# Time Series Decomposition: When Simple Methods Break Down (And What to Do About It)

*Part 2 of 8: Advanced Decomposition Techniques & STL*

---

**Welcome back to our Time Series Analysis series!** In Part 1, we met Sarah and learned about the four fundamental components of time series. We explored basic decomposition and built our first forecast model.

But what happens when your data doesn't play by the rules?

## The Problem: When Classical Methods Fail

It's Monday morning. Marcus, a senior analyst at a global e-commerce platform, is reviewing his seasonal decomposition from last week. The model looks clean—perfect sinusoidal seasonal patterns, smooth trend line, small residuals.

There's just one problem: **it's completely wrong**.

Marcus's data has two seasonal patterns:
- **Weekly**: People shop more on weekends
- **Yearly**: Holiday shopping spikes

Classical decomposition can only handle **one** seasonal period at a time. His Black Friday forecast? Off by 40%.

In [None]:
import pandas as pd
import numpy as np
import matplotlib.pyplot as plt
import seaborn as sns
from statsmodels.tsa.seasonal import seasonal_decompose, STL, MSTL

# Set style
sns.set_style("whitegrid")
plt.rcParams['figure.figsize'] = (16, 10)

np.random.seed(42)

## Simulating Multi-Seasonal Data

Let's create a realistic time series with multiple seasonal patterns:

In [None]:
# Generate 3 years of hourly data
hours = pd.date_range('2021-01-01', '2023-12-31 23:00:00', freq='h')
n = len(hours)

# Components
# 1. Trend: gradual growth
trend = 100 + np.linspace(0, 50, n) + 5 * np.sin(np.linspace(0, 4*np.pi, n))
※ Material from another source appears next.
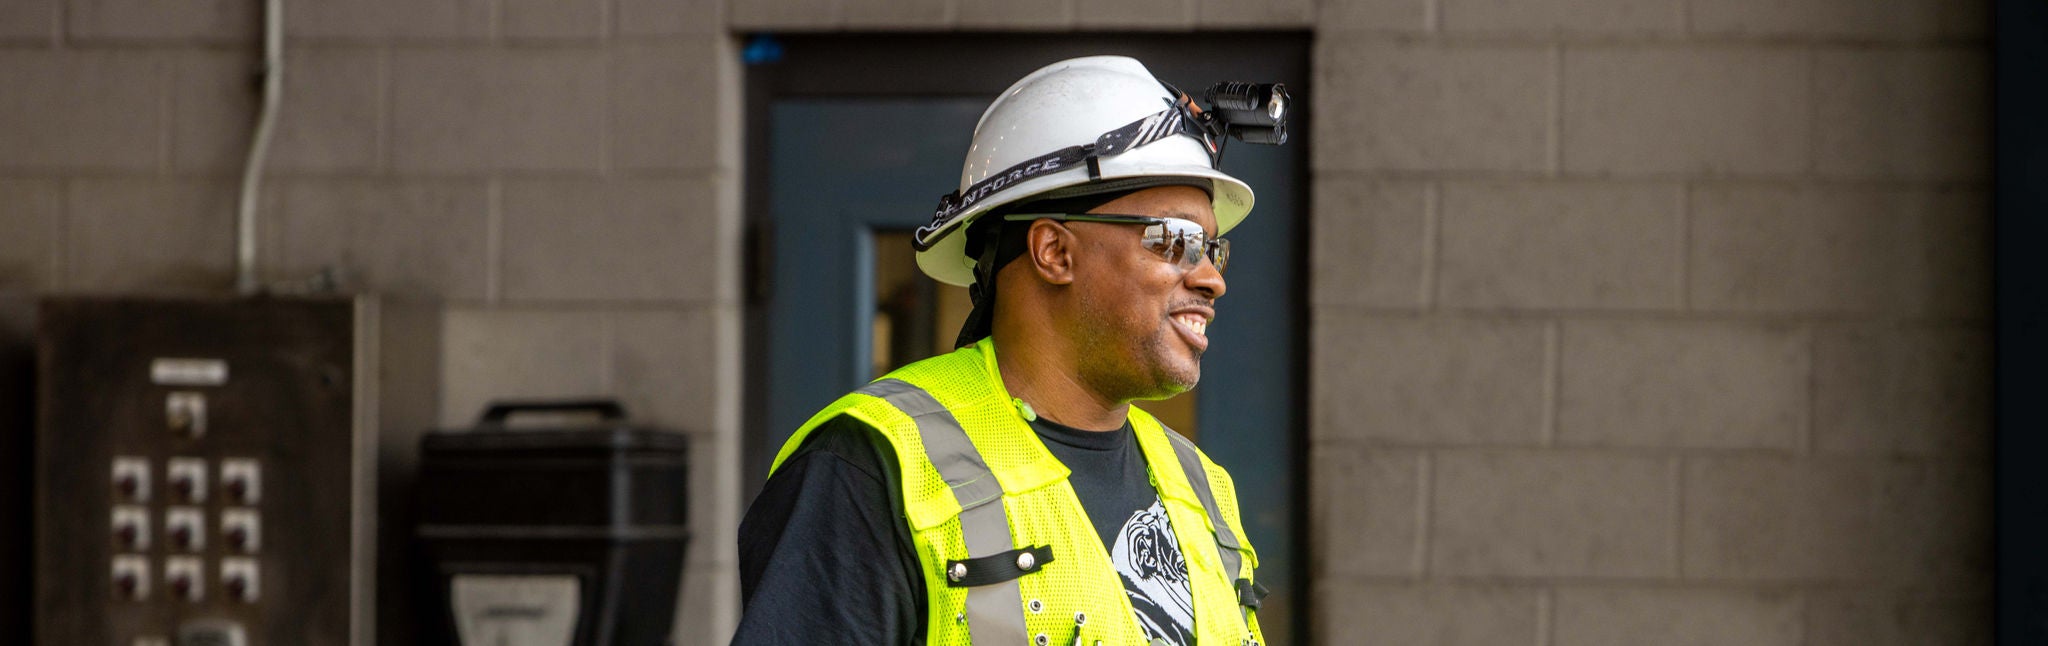 Norfolk Southern employee who uses safety technology in safety vest and hat smiling
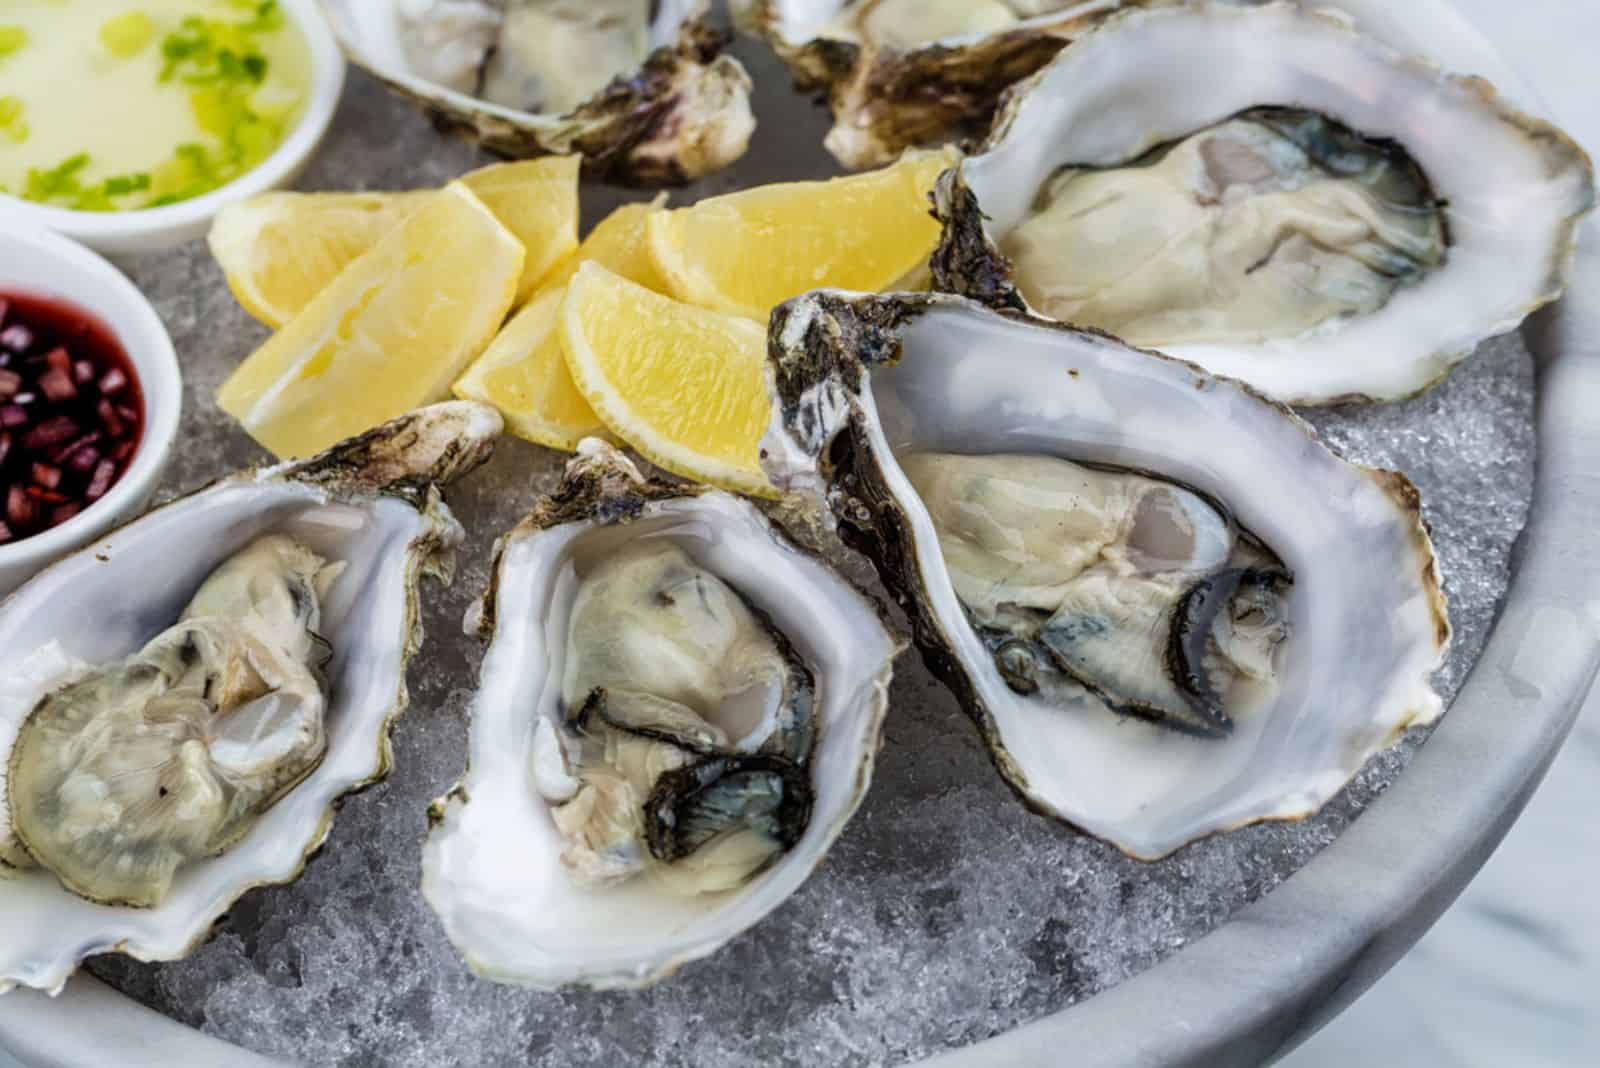 Fresh oysters platter with sauce and lemon

# 2. Daily seasonality (24-hour pattern)
hour_of_day = hours.hour
daily_seasonal = 15 * np.sin(2 * np.pi * hour_of_day / 24)

# 3. Weekly seasonality (7-day pattern)
day_of_week = hours.dayofweek
weekly_seasonal = 10 * (day_of_week >= 5)  # Weekend spike

# 4. Yearly seasonality (365-day pattern)
day_of_year = hours.dayofyear
yearly_seasonal = 20 * np.sin(2 * np.pi * day_of_year / 365.25)

# 5. Noise
noise = np.random.normal(0, 5, n)

# Combine
data = trend + daily_seasonal + weekly_seasonal + yearly_seasonal + noise

df = pd.DataFrame({
    'value': data,
    'trend': trend,
    'daily': daily_seasonal,
    'weekly': weekly_seasonal,
    'yearly': yearly_seasonal
}, index=hours)

print(f"Data shape: {df.shape}")
print(f"Date range: {df.index.min()} to {df.index.max()}")

In [None]:
# Plot one month sample
sample = df.loc['2021-01-01':'2021-01-31']

plt.figure(figsize=(16, 6))
plt.plot(sample.index, sample['value'], linewidth=1.5, alpha=0.8)
plt.title('Data with Multiple Seasonalities - January 2021', fontsize=14, fontweight='bold')
plt.ylabel('Value')
plt.xlabel('Date')
plt.grid(True, alpha=0.3)
plt.tight_layout()
plt.show()

## Classical Decomposition: What Goes Wrong

![Multiple Seasonality Problem](multiple_seasonality_problem.png)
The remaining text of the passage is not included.